• Activity:
Leave out the pictures and restate the rest of the data exactly.

• Data extract:
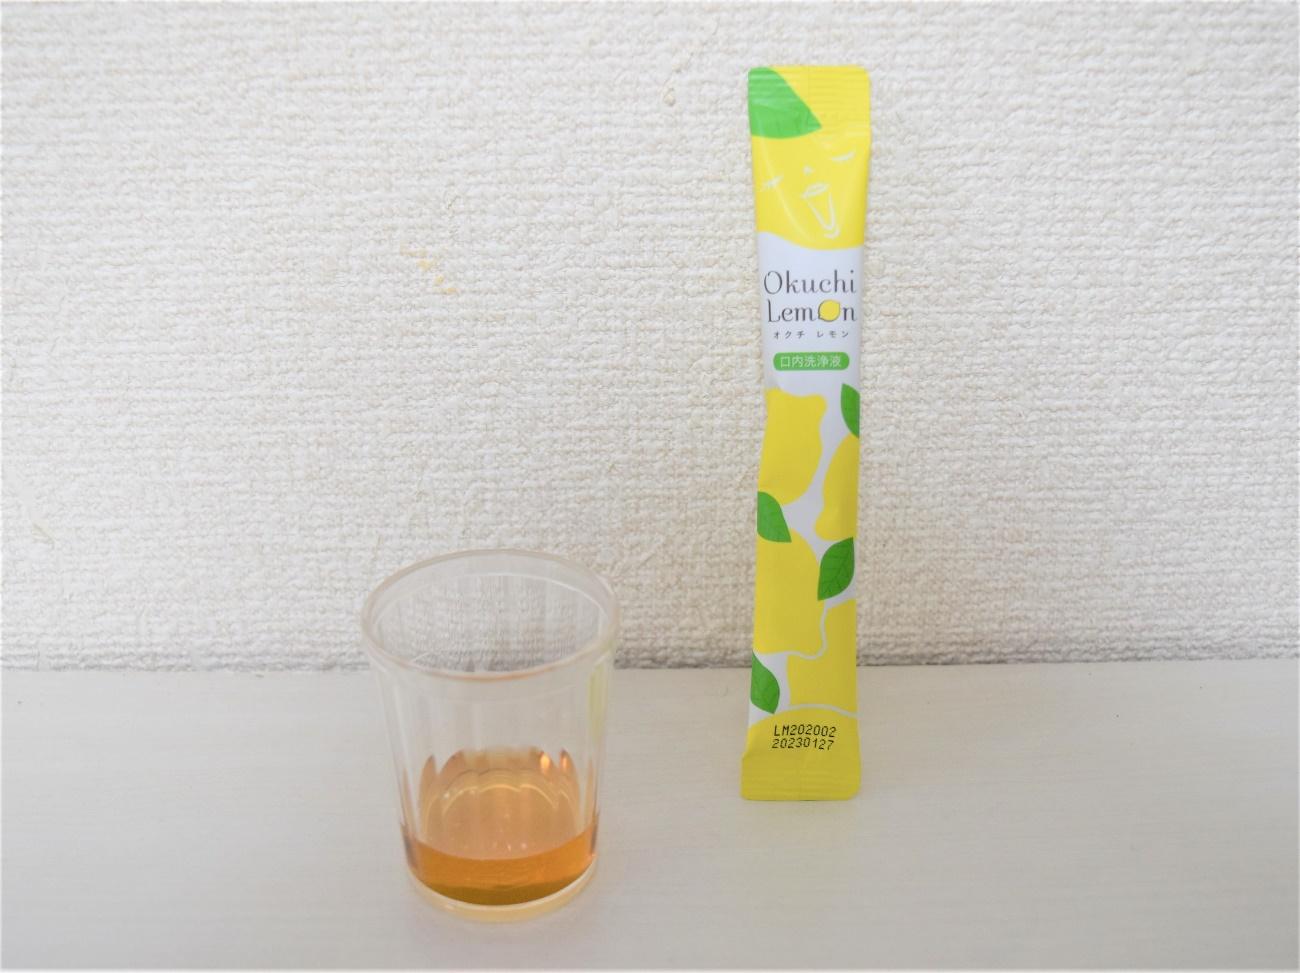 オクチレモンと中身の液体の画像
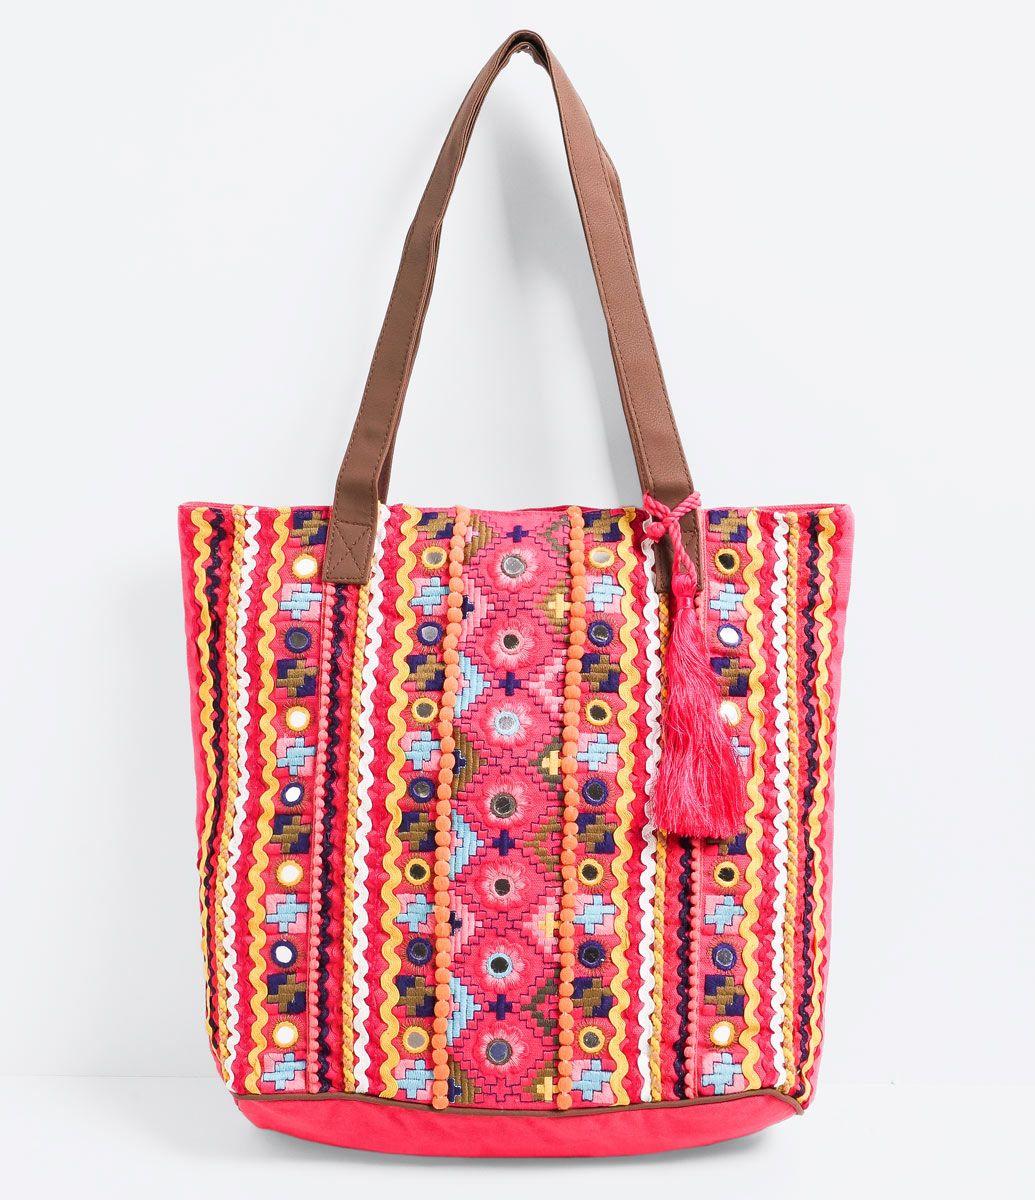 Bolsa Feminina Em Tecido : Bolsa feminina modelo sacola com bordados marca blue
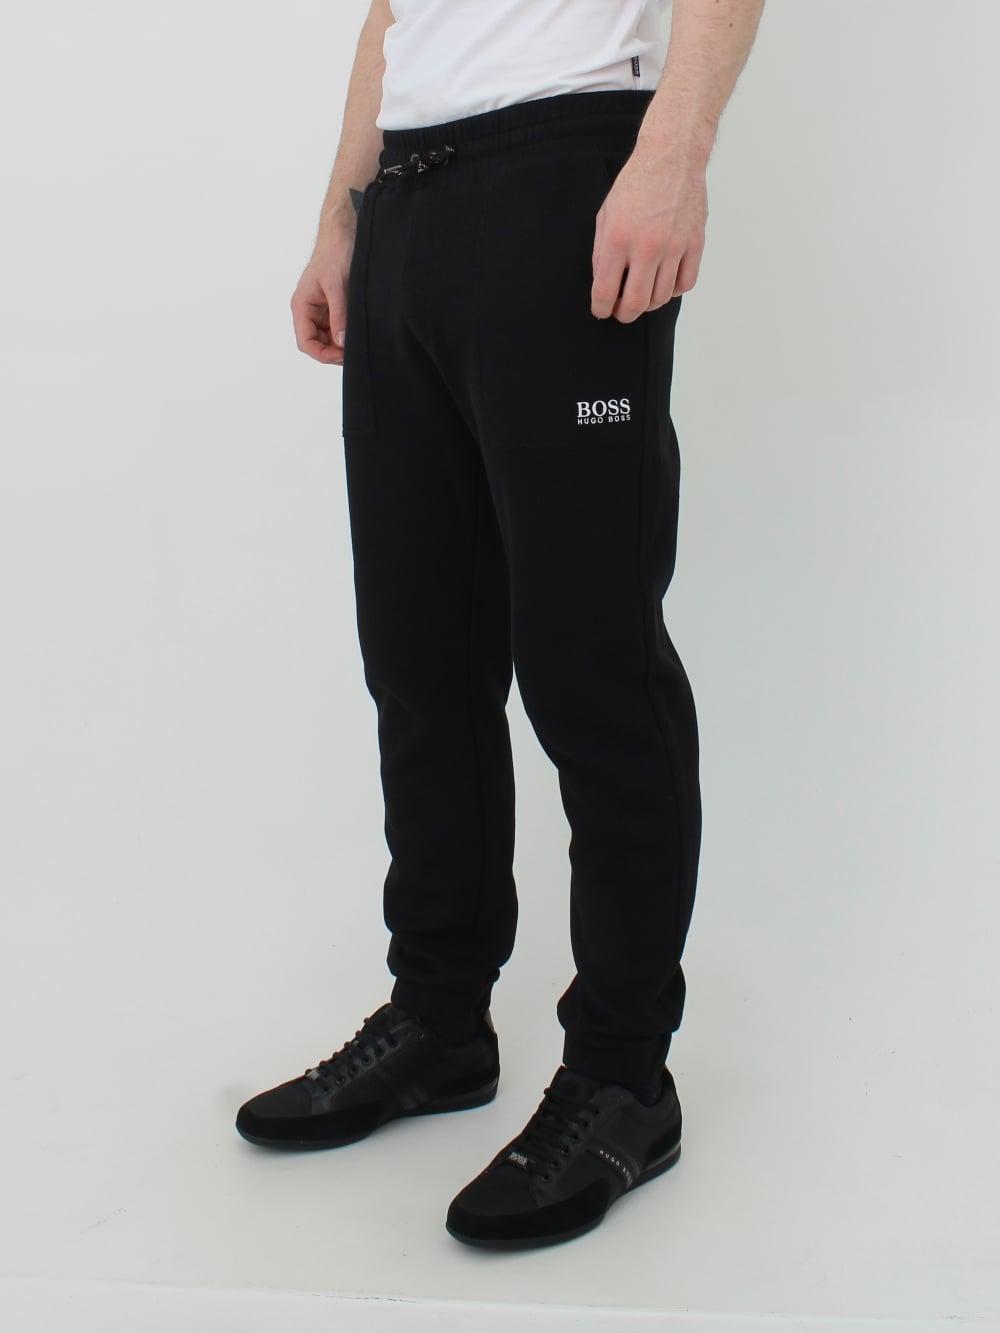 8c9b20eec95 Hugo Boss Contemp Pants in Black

• Solution to the problem:
 オクチレモンと中身の液体の画像
 Bolsa Feminina Em Tecido : Bolsa feminina modelo sacola com bordados marca blue
 8c9b20eec95 Hugo Boss Contemp Pants in Black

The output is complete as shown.